O primeiro veto total é ao projeto de lei que obriga o Executivo a manter, por até cinco anos, documentos relacionados a contratos administrativos, convênios e acordos disponíveis no Portal da Transparência. A proposta, de autoria do vereador Marcos Trad (PV), havia sido aprovada em duas votações na Câmara Municipal de Campo Grande, em fevereiro deste ano.

Na justificativa do veto, a prefeita argumenta que o projeto interfere na organização interna da administração municipal. Segundo o Executivo, a proposta “dispõe sobre a organização e o funcionamento da administração municipal, bem como sobre a gestão de sistemas e plataformas digitais”, o que seria competência exclusiva da prefeitura.

A prefeitura ainda ressaltou o impacto financeiro da medida. No veto, o Executivo afirma que a obrigação de manter todos os documentos disponíveis por mais tempo poderia gerar custos adicionais para o município. De acordo com o texto, “a implementação da medida poderá acarretar despesas não previstas, relacionadas à ampliação de infraestrutura tecnológica, armazenamento de dados e gestão de informações”.
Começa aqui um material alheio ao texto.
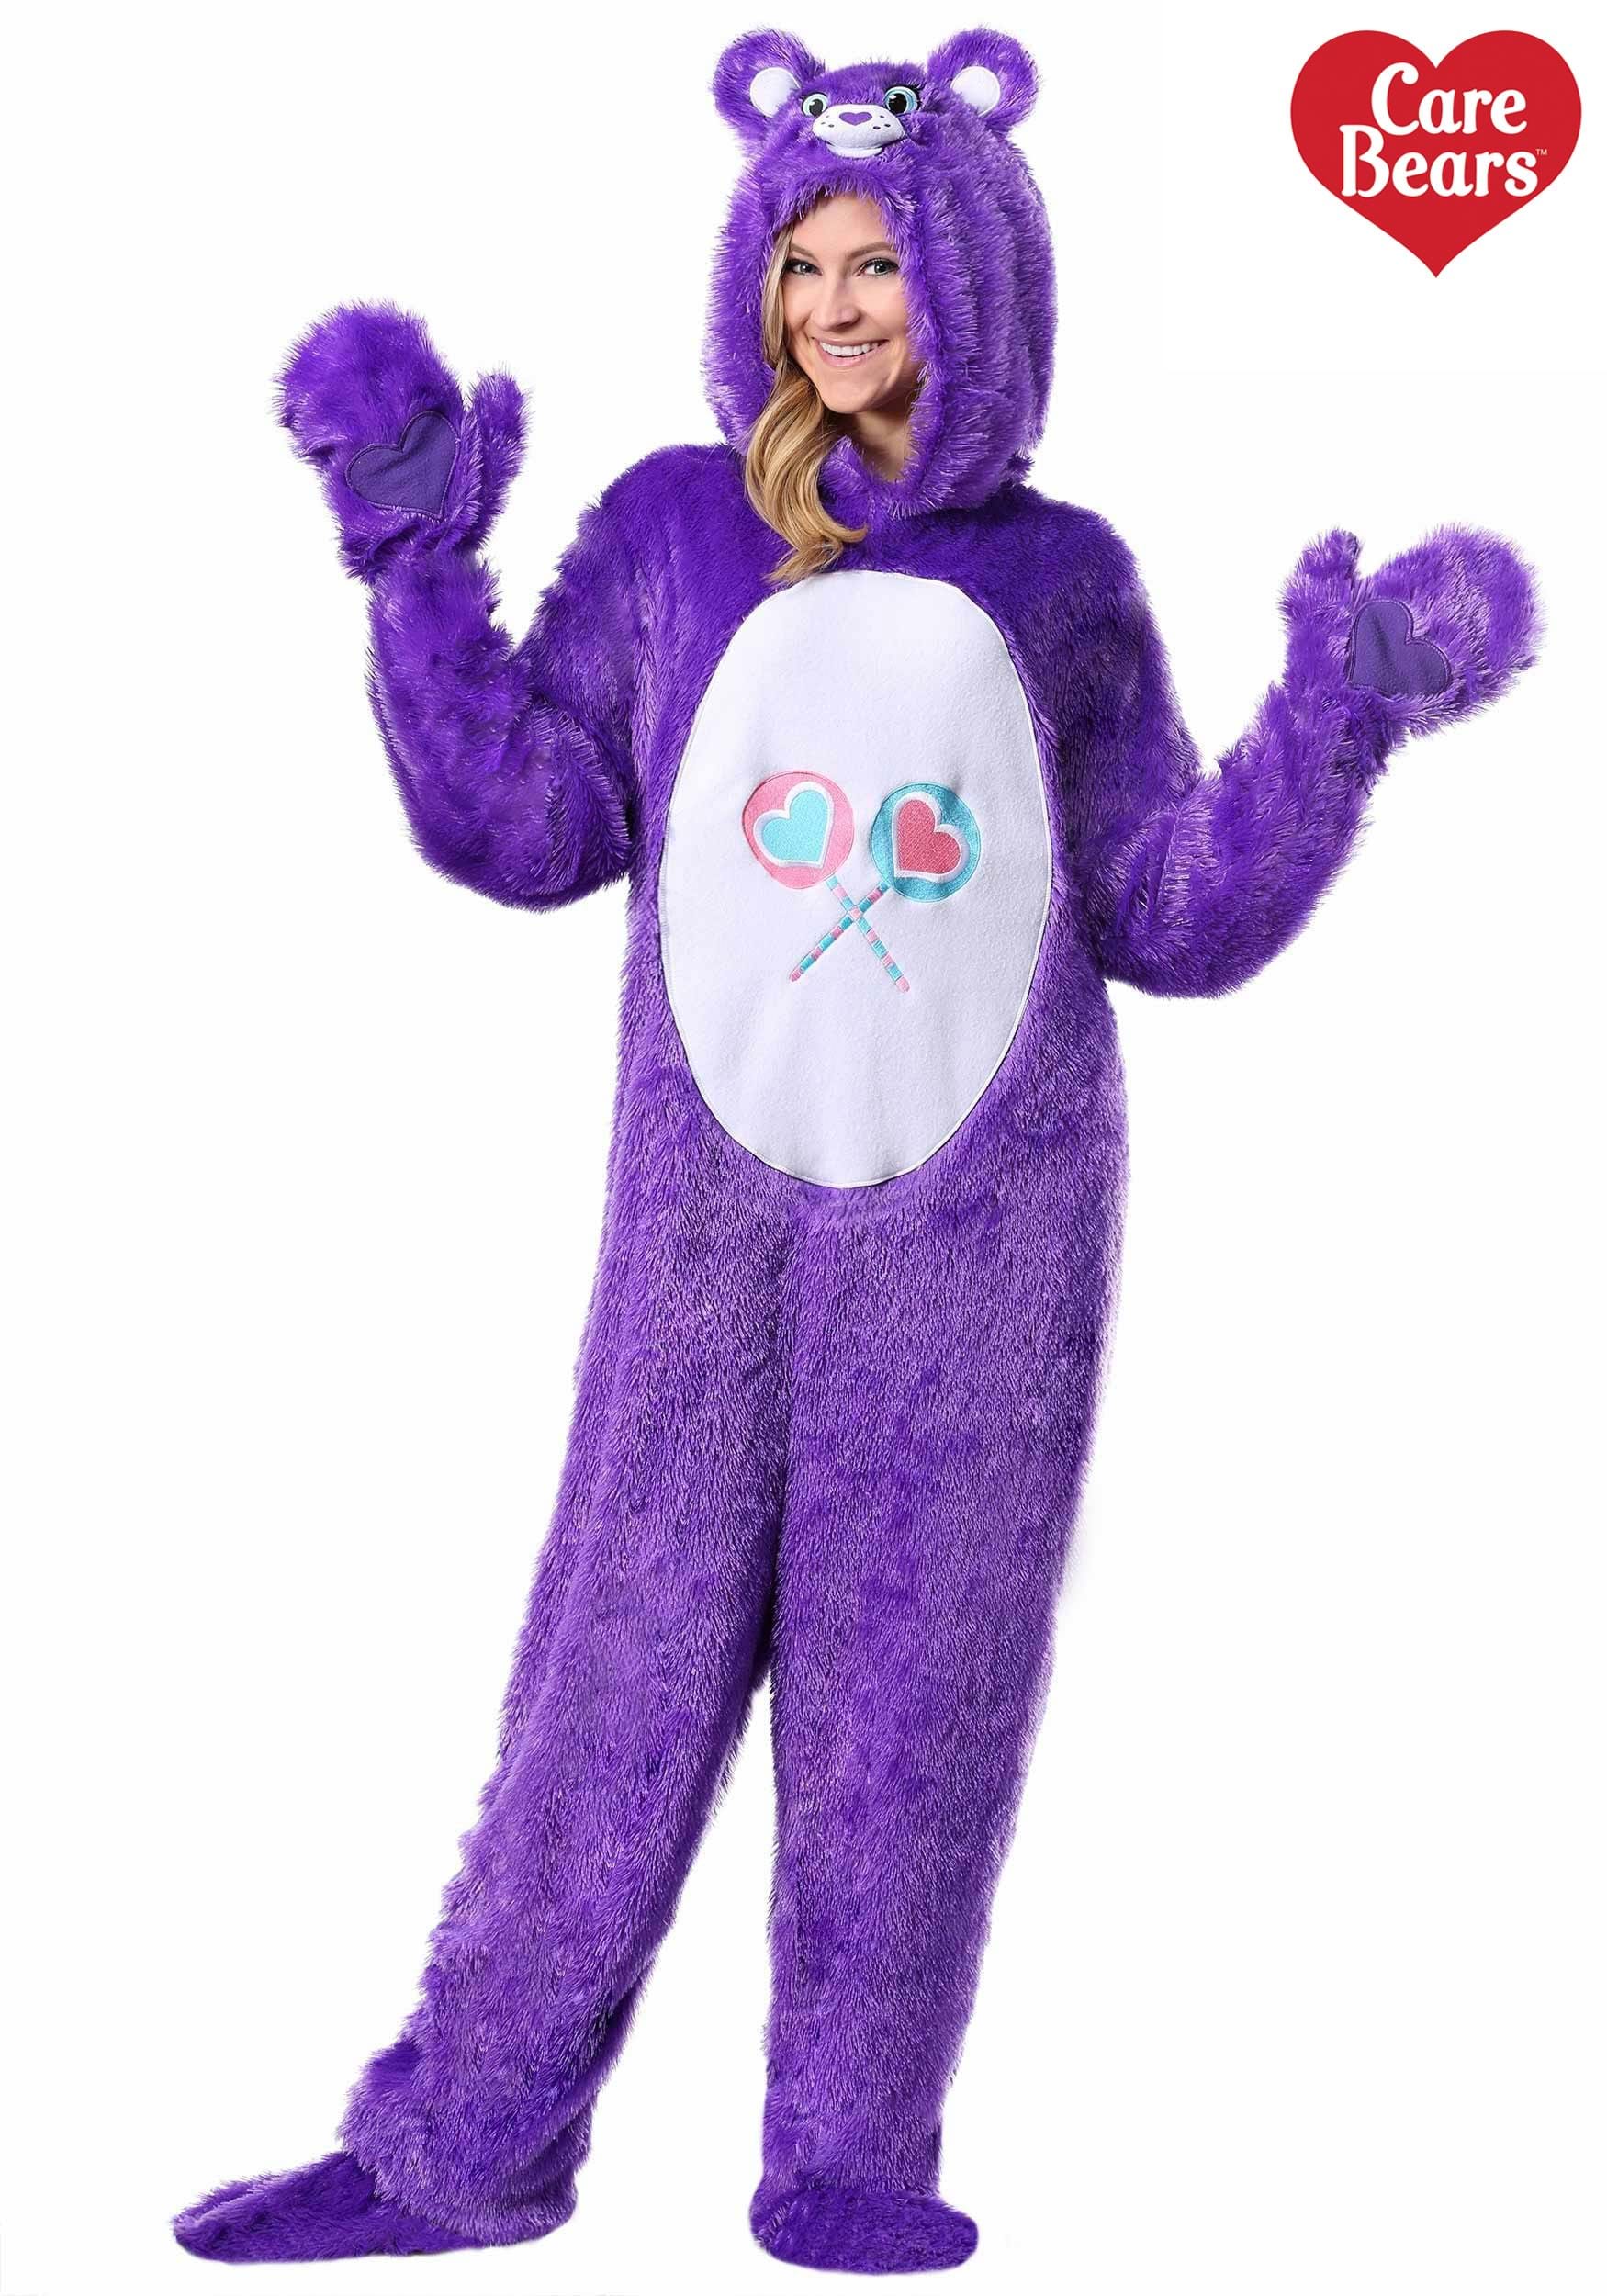 https://images.fun.com/products/41369/1-1/adult-care-bears-classic-share-bear-costume-update.jpg

O segundo veto total é ao projeto de lei que proíbe o uso de câmeras de videomonitoramento para a aplicação de multas de trânsito na Capital. O texto apresentado pelo vereador Rafael Tavares (PL) determina que as câmeras instaladas na cidade poderão ser utilizadas exclusivamente para fins de segurança pública e monitoramento do tráfego, ficando vedada a lavratura de autos de infração com base nas imagens captadas por esses equipamentos.

A Prefeitura aponta que a própria Procuradoria Jurídica da Câmara Municipal havia opinado pela não tramitação do texto, já que o CTB (Código de Trânsito Brasileiro) prevê que a autoridade de trânsito, exercendo a fiscalização remota por meio de sistemas de videomonitoramento, poderá autuar condutores e veículos.
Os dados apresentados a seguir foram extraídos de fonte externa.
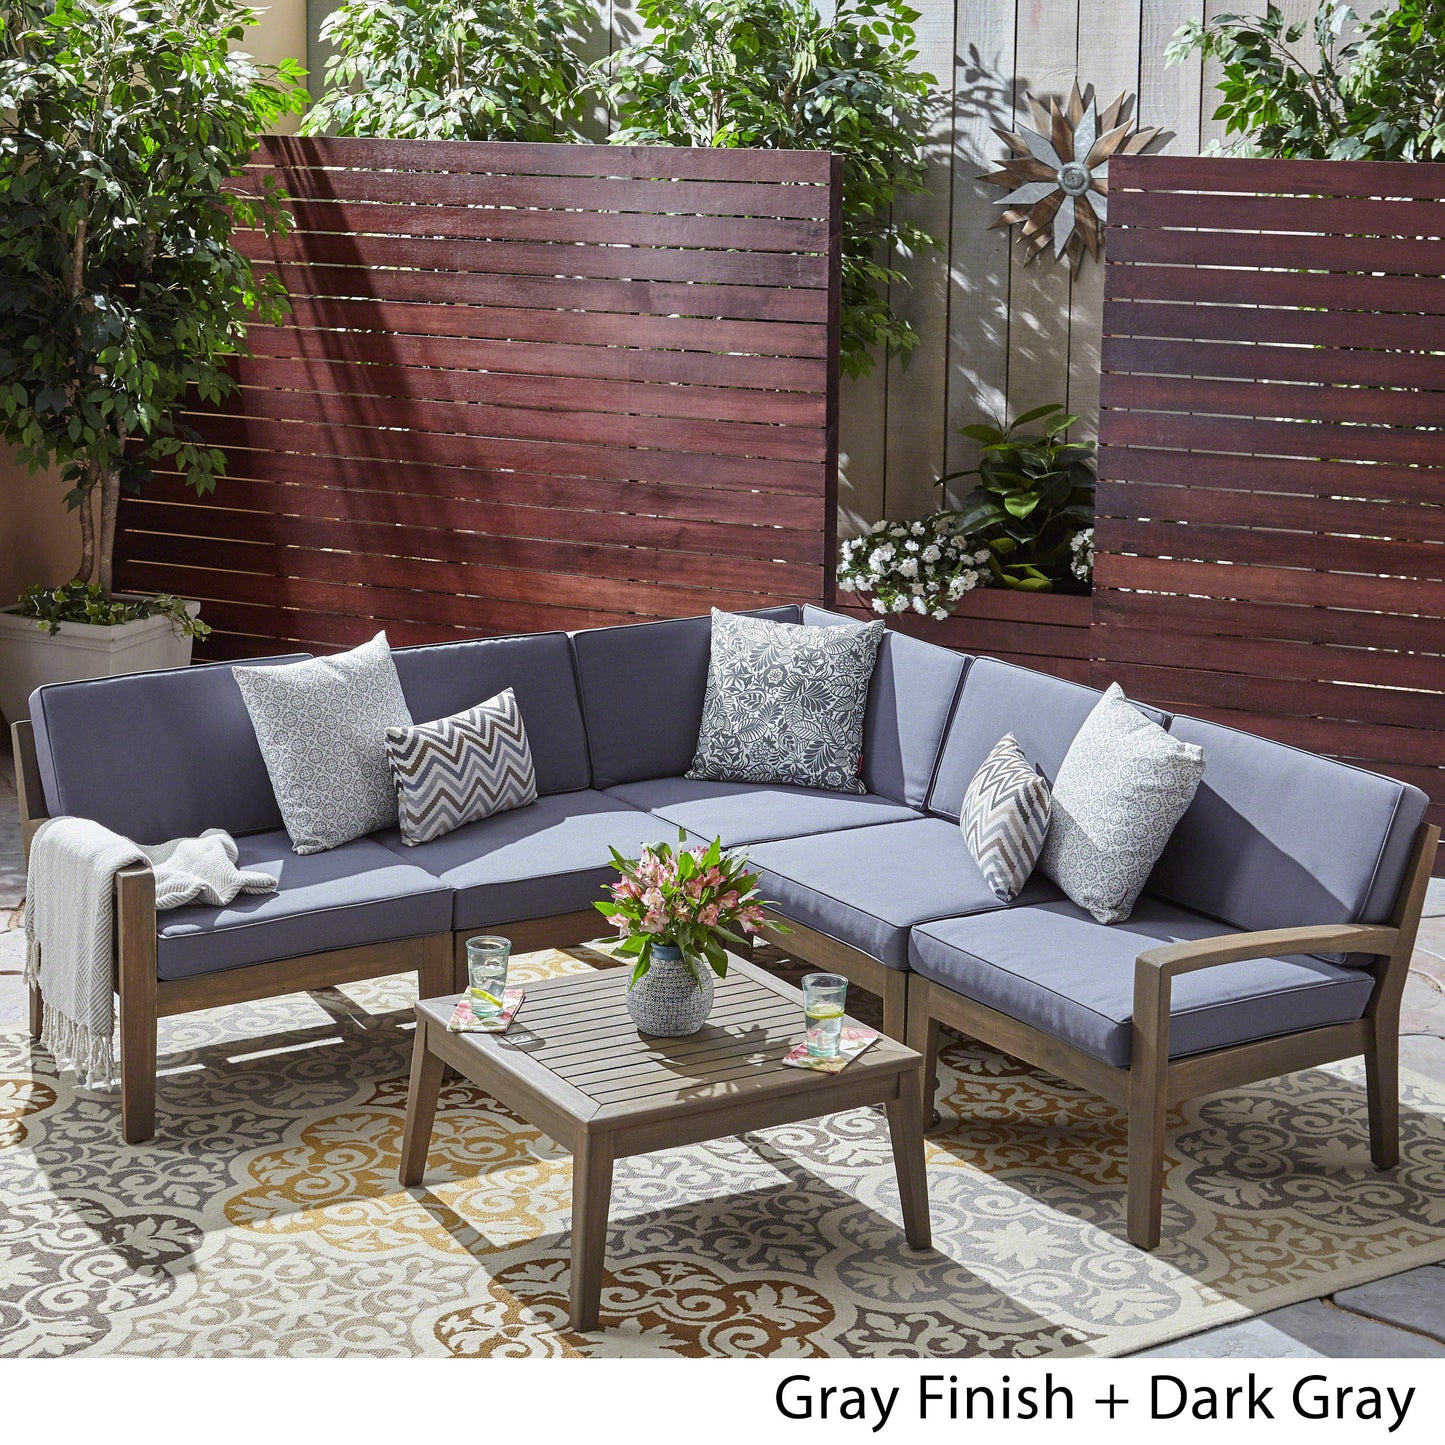 Ray Outdoor Acacia Wood 5 Seater Sectional Sofa Set with Coffee Table

A Procuradoria-Geral do Município também se manifestou que o tema é de competência da União. "A Constituição estabelece, de forma expressa, competir privativamente à União legislar sobre “trânsito e transportes” (CF, art. 22, XI). Essa reserva tem razão institucional: trânsito exige uniformidade nacional quanto a infrações, procedimentos de fiscalização, autuação, defesa e aplicação de penalidades, inclusive para assegurar isonomia entre administrados e previsibilidade do sistema sancionatório", diz o relatório.
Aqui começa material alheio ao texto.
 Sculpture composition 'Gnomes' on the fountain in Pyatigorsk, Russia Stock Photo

Os vereadores ainda votam a proposta apresentada pela Prefeitura, que trata sobre a gestão e eleição da diretoria das instituições da Reme (Rede Municipal de Ensino). Também serão analisados o projeto do vereador Wilton Celeste Candelorio, o Leinha (Avante), que cria o programa de alimentação inclusiva nas escolas e a proposta do vereador Otávio Trad (PSD), que altera a lei de incentivo ao auxílio-atleta em Campo Grande.